Published: April 6, 2013 in the Raleigh News and Observer
By Renee Elder — email@example.com
RALEIGH — A Confederate battle flag lost in the final months of the Civil War was handed over again Saturday – this time back into the collection of the N.C. Museum of History following a $6,500 restoration.
The flag was carried by the 6th Regiment of North Carolina at the Battle of Sailor’s Creek in Virginia when it was captured by a Union soldier on April 6, 1865. Forty years later, the federal government returned the flag to North Carolina, but it remained hidden in storage because the torn and dirty fabric was not suitable for display, said Jackson Marshall, assistant director of programming at the history museum.
“It’s been 100 years since the public has seen this flag,” Marshall said. “Now it’s cleaned and conserved in a way that will protect it for another 40 or 50 years.”
The museum is short on funds for restoring historic artifacts and must depend on private groups such as the Cedar Fork Rifles Preservation Society, which raised money to restore the 6th Regiment flag, he added. The museum has about 125 battle flags but only about 30 have been cleaned and preserved so they can be made available for display.
More than 100 people from across the state came to the dedication Saturday to see the flag and share stories about the N.C. 6th Regiment, which formed in Charlotte in May 1861 and fought its first major battle two months later in Manassas, Va., also known as the First Battle of Bull Run.
“It was the only North Carolina battalion [to fight] at that first great battle of the war,” said Rick Walton, a Civil War historian and member the Cedar Fork Rifles Preservation Society.
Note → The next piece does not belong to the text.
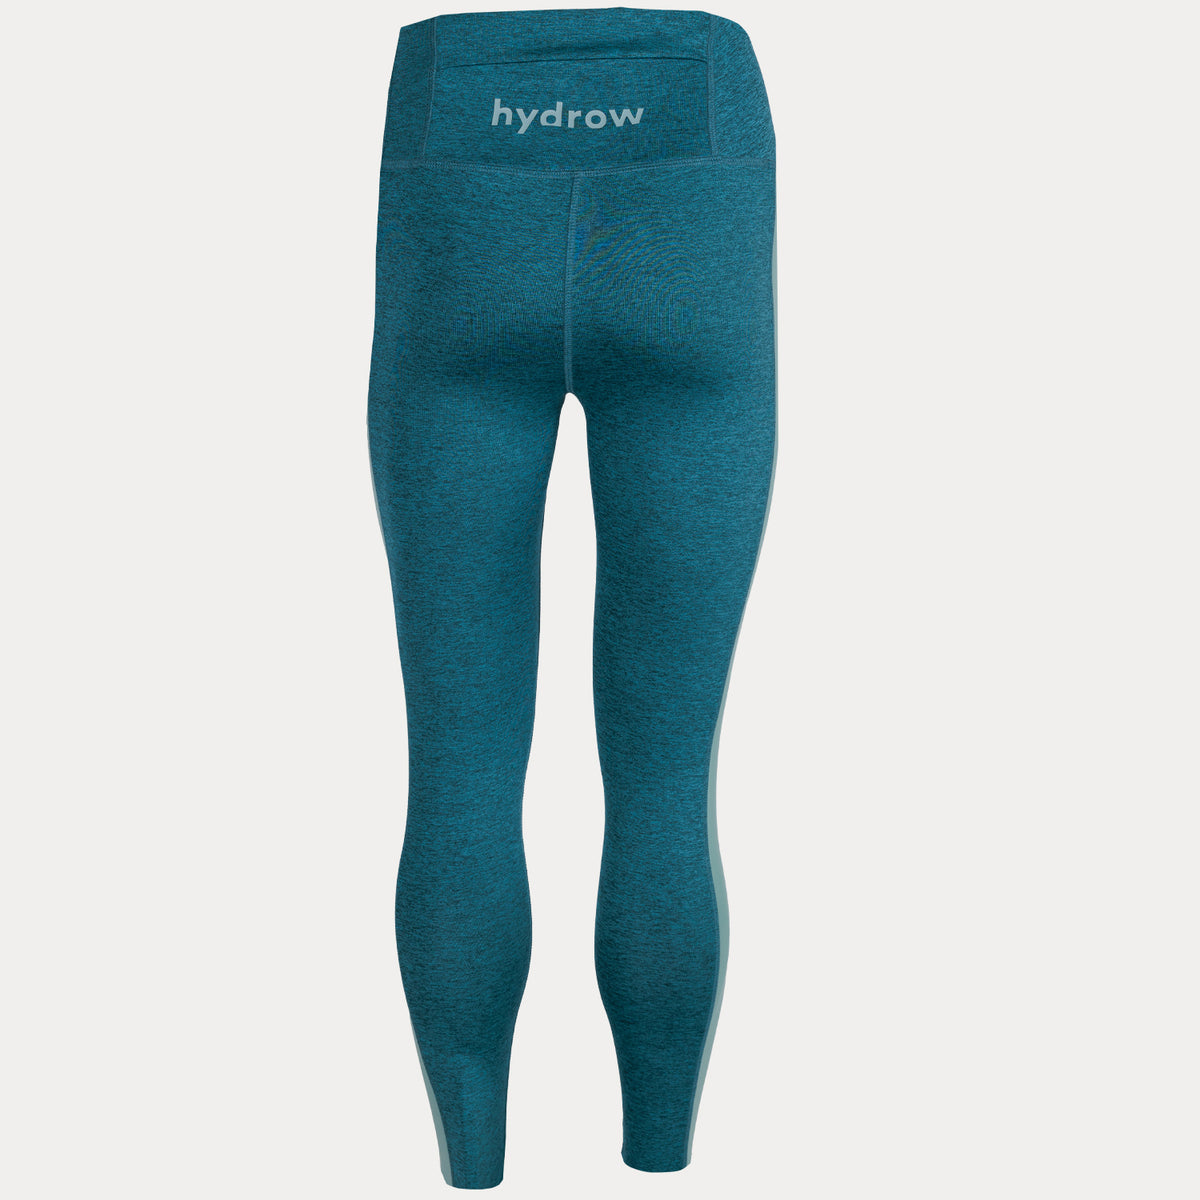 back  view of heathered leggings in dark blue with hydrow logo on rear upper

Known as “the bloody 6th,” the regiment fought constantly during the war and at many famous battle sites in throughout Virginia, Pennsylvania and North Carolina: Yorktown, Sharpsburg, Fredericksburg, Chancellorsville, Gettysburg, New Bern, Plymouth, Petersburg and others. Starting out with 1,000 members, the ranks were diminished by injuries and deaths after years of fighting. Replacements were brought in whenever possible, Marshall said.
Sailor’s Creek, about 60 miles southwest of Richmond, was the last battle fought by the 6th Regiment, which carried a practically new flag that had been issued to replace others lost or captured in battle.
“We don’t know who the 6th’s flag-bearer was that day; in fact we know more about who captured it,” Walton said.
Joseph Kimball, of Littleton, N.H., got credit for taking the 6th Regiment battle flag; he was awarded one of the 57 medals handed out by the Union Army for military service on that day.
The Confederate battle flag has 13 five-pointed stars set on an “X” pattern, known as St. Andrew’s Cross but also sometimes called a Southern Cross. It is distinct from the Stars and Bars design of the Confederate States of America flag.
This 6th Regiment’s battle flag is missing a star, which was cut rather than ripped from the fabric, indicating it was likely taken as a souvenir from the battlefield or after the war, Marshall said. Conservators who prepared the flag for exhibit cleaned and protected the delicate fabric but did not change the flag’s overall appearance.
The Confederate Army lost more than 7,700 men at Sailor’s Creek. Just 72 hours later, General Robert E. Lee surrendered at Appomattox Court House.
More than just a symbol of a long-ago military conflict, the flag represents family history for many of those who came to see the flag rejoin the museum’s collection, Walton added.
“What this represents to us is heritage,” he said. “It’s a visual reminder of our ancestors.”
Marshall said North Carolina troops suffered massive losses in the Civil War — as many as 35,000 men were killed and thousands more severely wounded.
“In Gettysburg, almost 25 percent of the total losses were North Carolinians killed or wounded,” Marshall said.
He said North Carolina’s Civil War heritage remains strong largely because of the losses so many families endured.
“I’m astounded at how many people give money to these efforts because they know they have a family connection,” he said. “People still remember the suffering and loss and want to keep family memories alive.”